▸ Action item
Could you write out exactly, and only, the lines from the one containing "LiNX Quattro lineup02" through the last line of the data, leaving out all pictures?

▸ Source records
▼▼▼
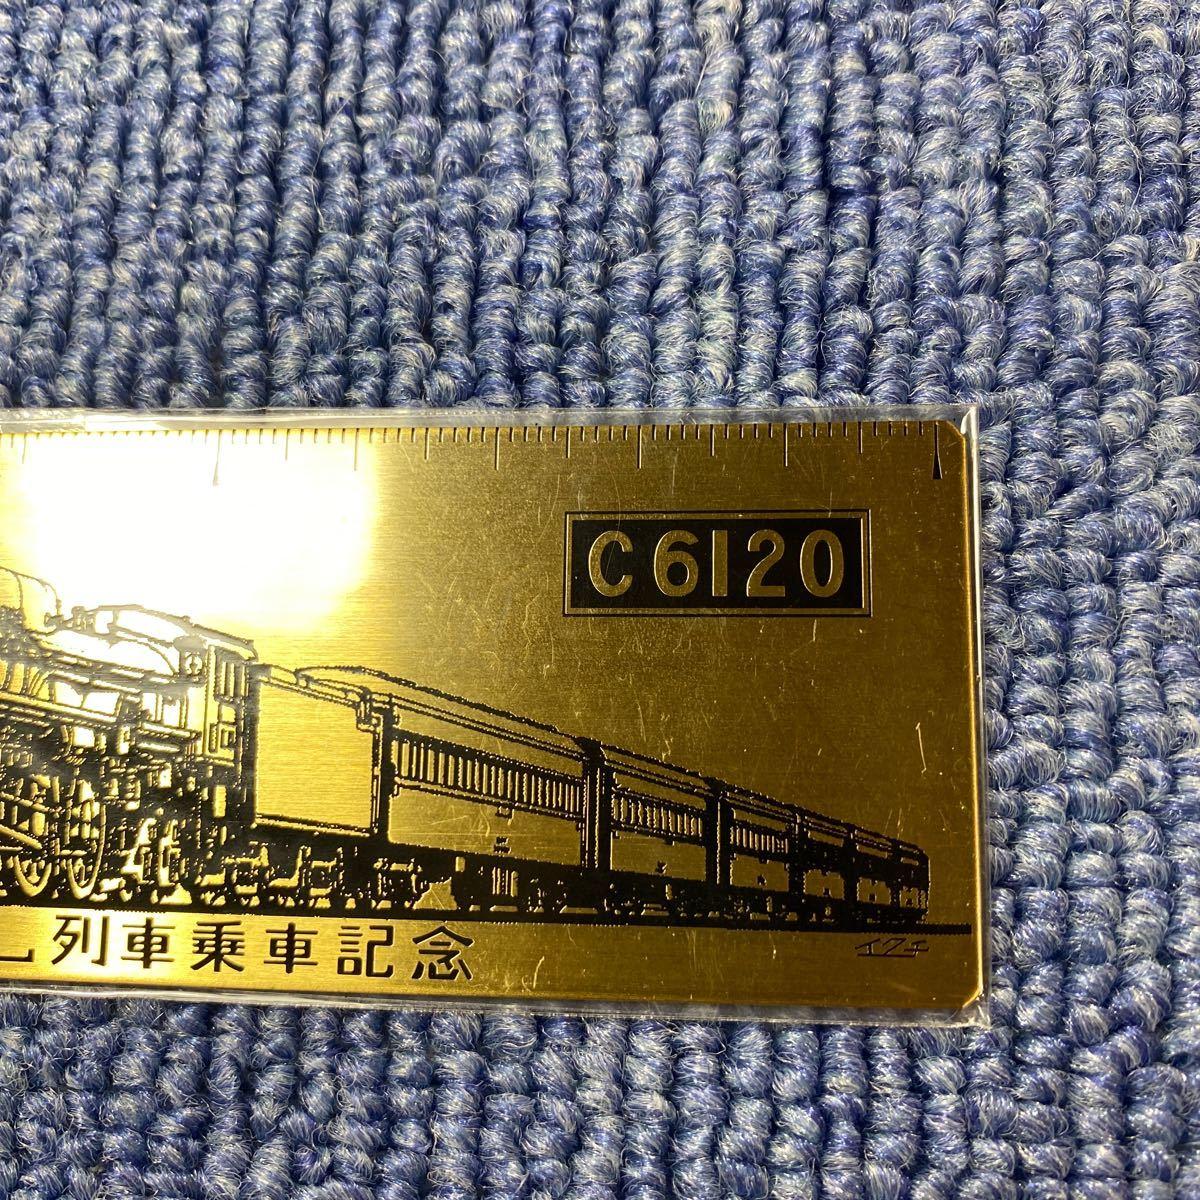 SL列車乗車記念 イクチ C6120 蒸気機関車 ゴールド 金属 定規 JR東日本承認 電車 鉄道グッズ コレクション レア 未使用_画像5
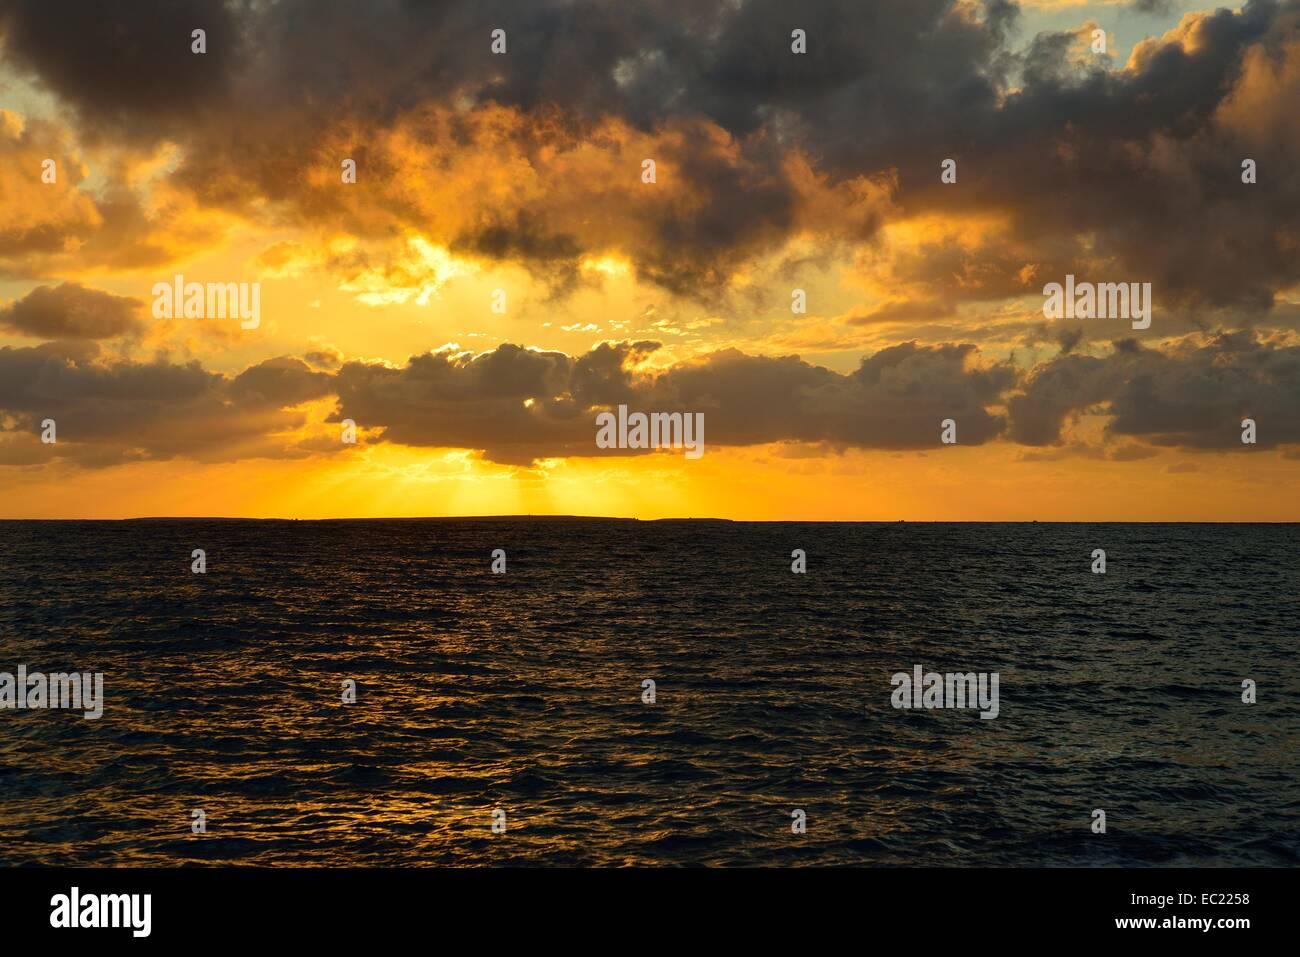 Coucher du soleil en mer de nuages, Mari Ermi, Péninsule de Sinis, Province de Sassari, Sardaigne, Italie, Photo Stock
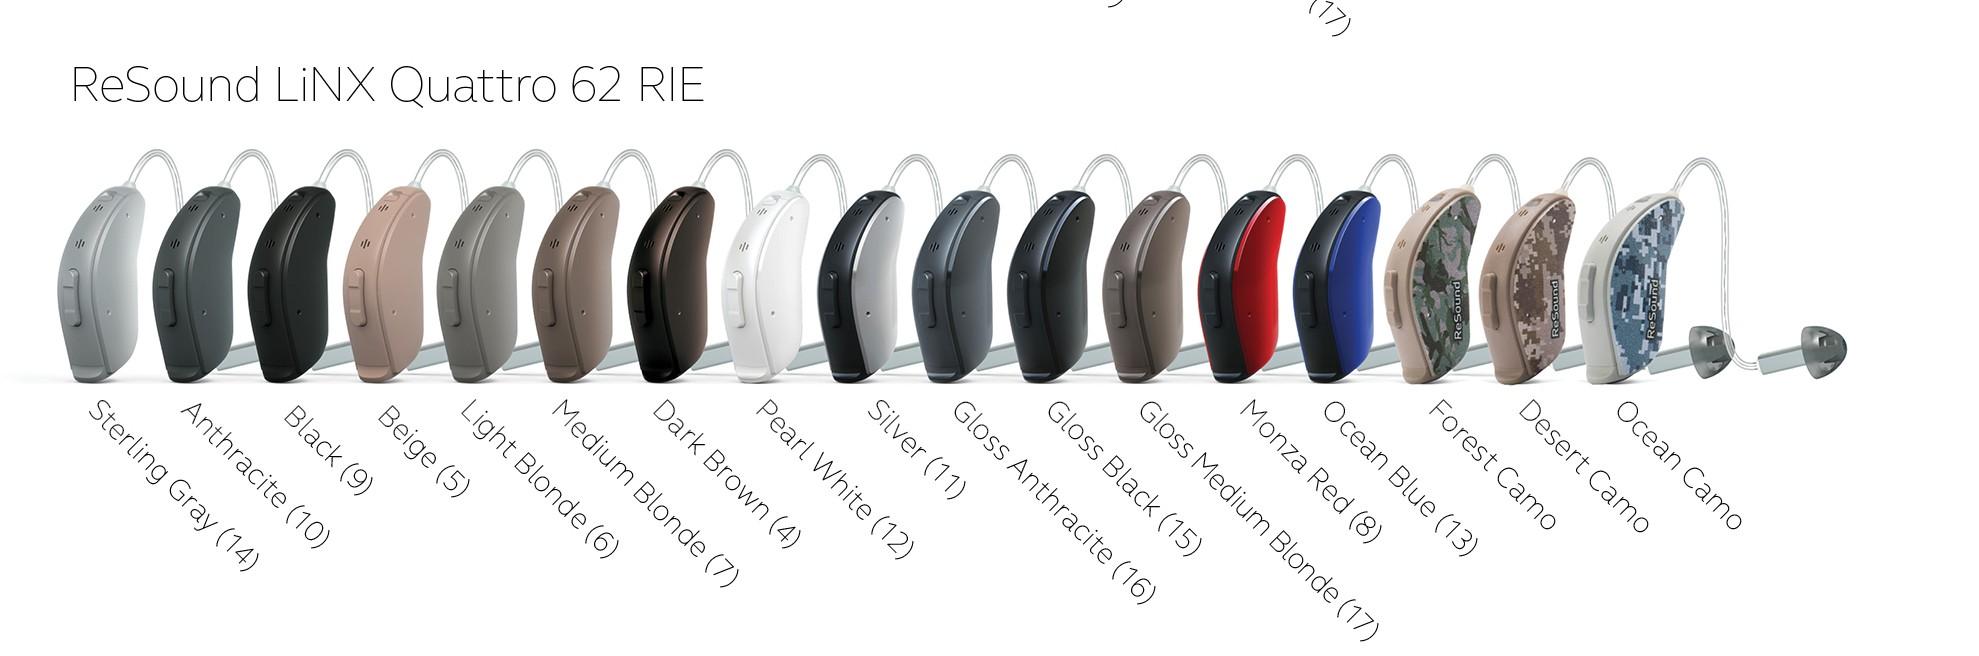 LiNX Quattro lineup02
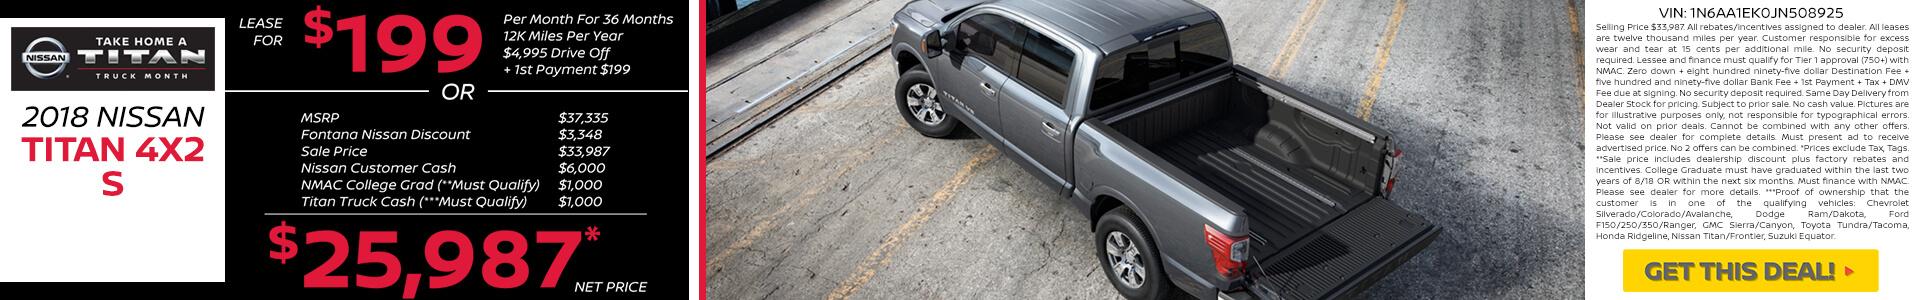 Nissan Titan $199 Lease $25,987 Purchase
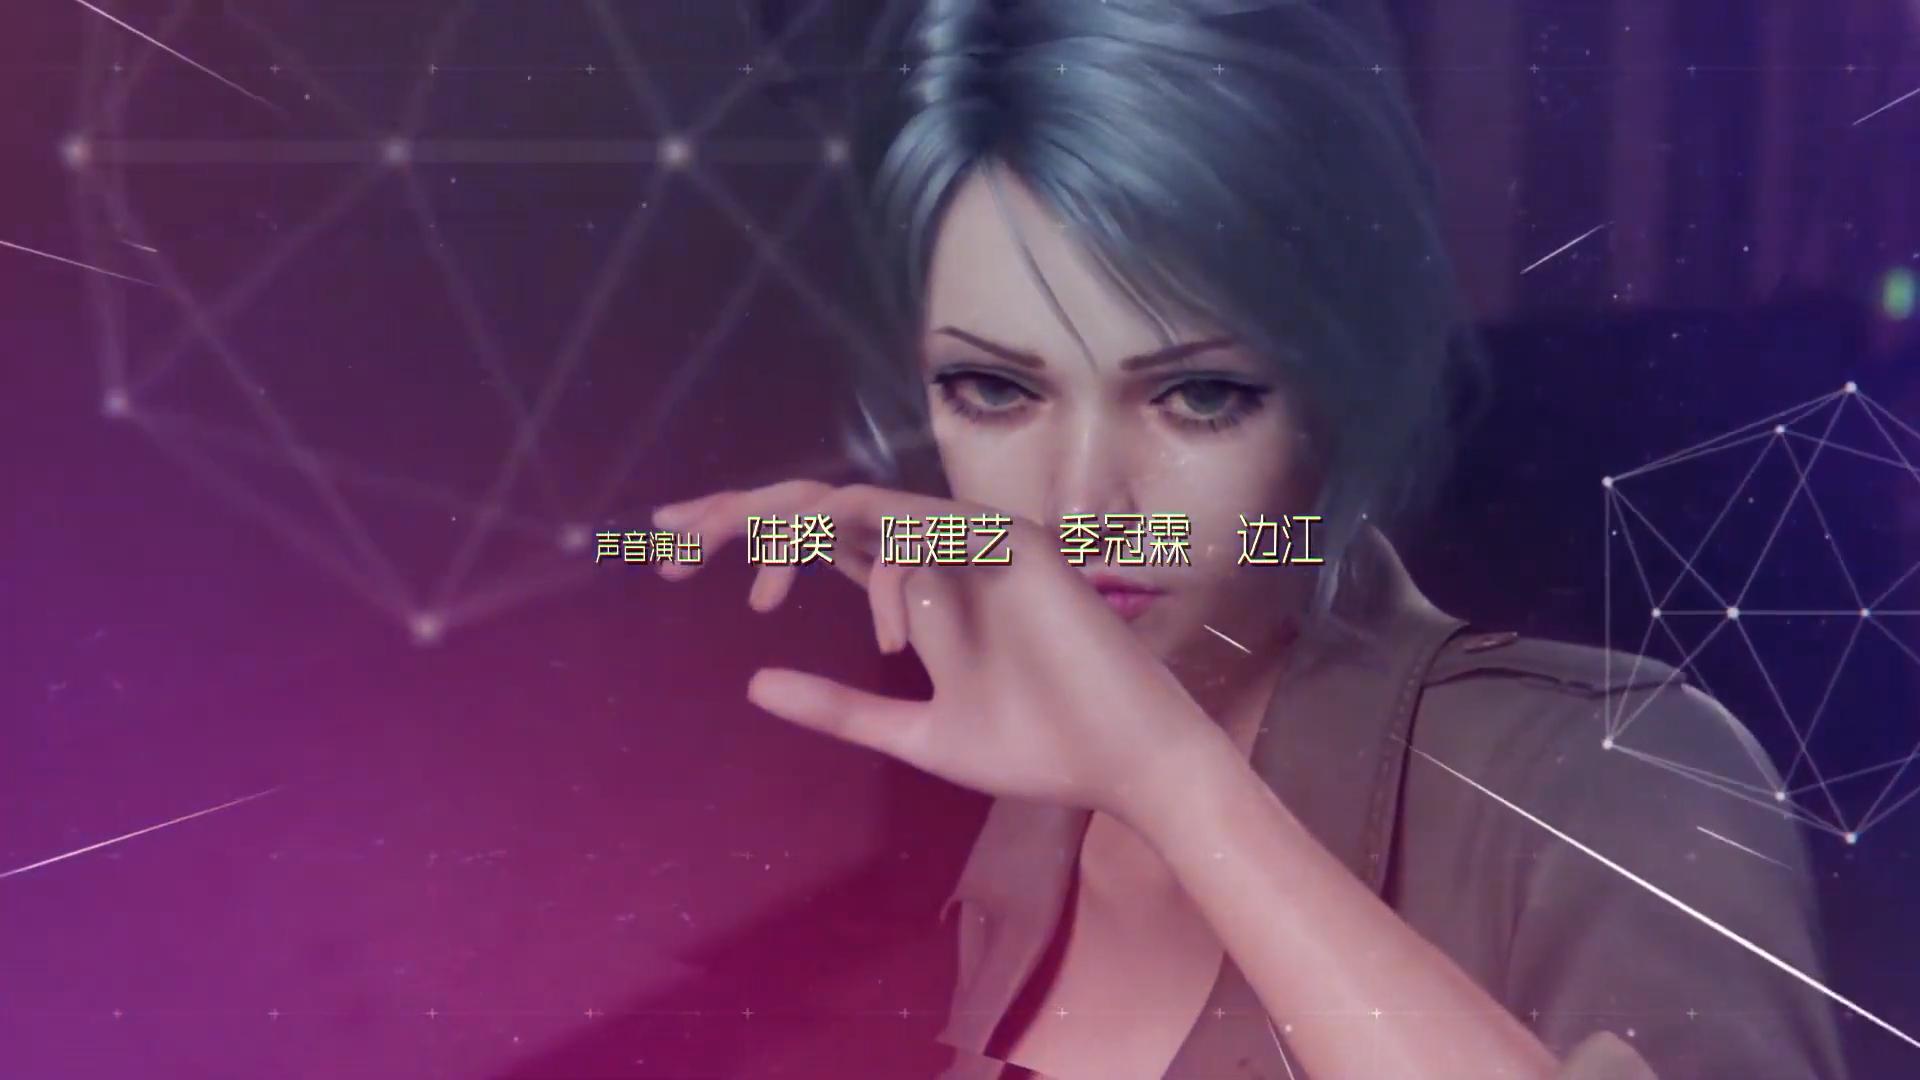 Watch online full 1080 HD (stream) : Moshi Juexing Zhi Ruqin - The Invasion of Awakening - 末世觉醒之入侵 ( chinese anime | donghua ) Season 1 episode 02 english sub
▲▲▲
▸ Problem solution
 LiNX Quattro lineup02
 Nissan Titan $199 Lease $25,987 Purchase
 Watch online full 1080 HD (stream) : Moshi Juexing Zhi Ruqin - The Invasion of Awakening - 末世觉醒之入侵 ( chinese anime | donghua ) Season 1 episode 02 english sub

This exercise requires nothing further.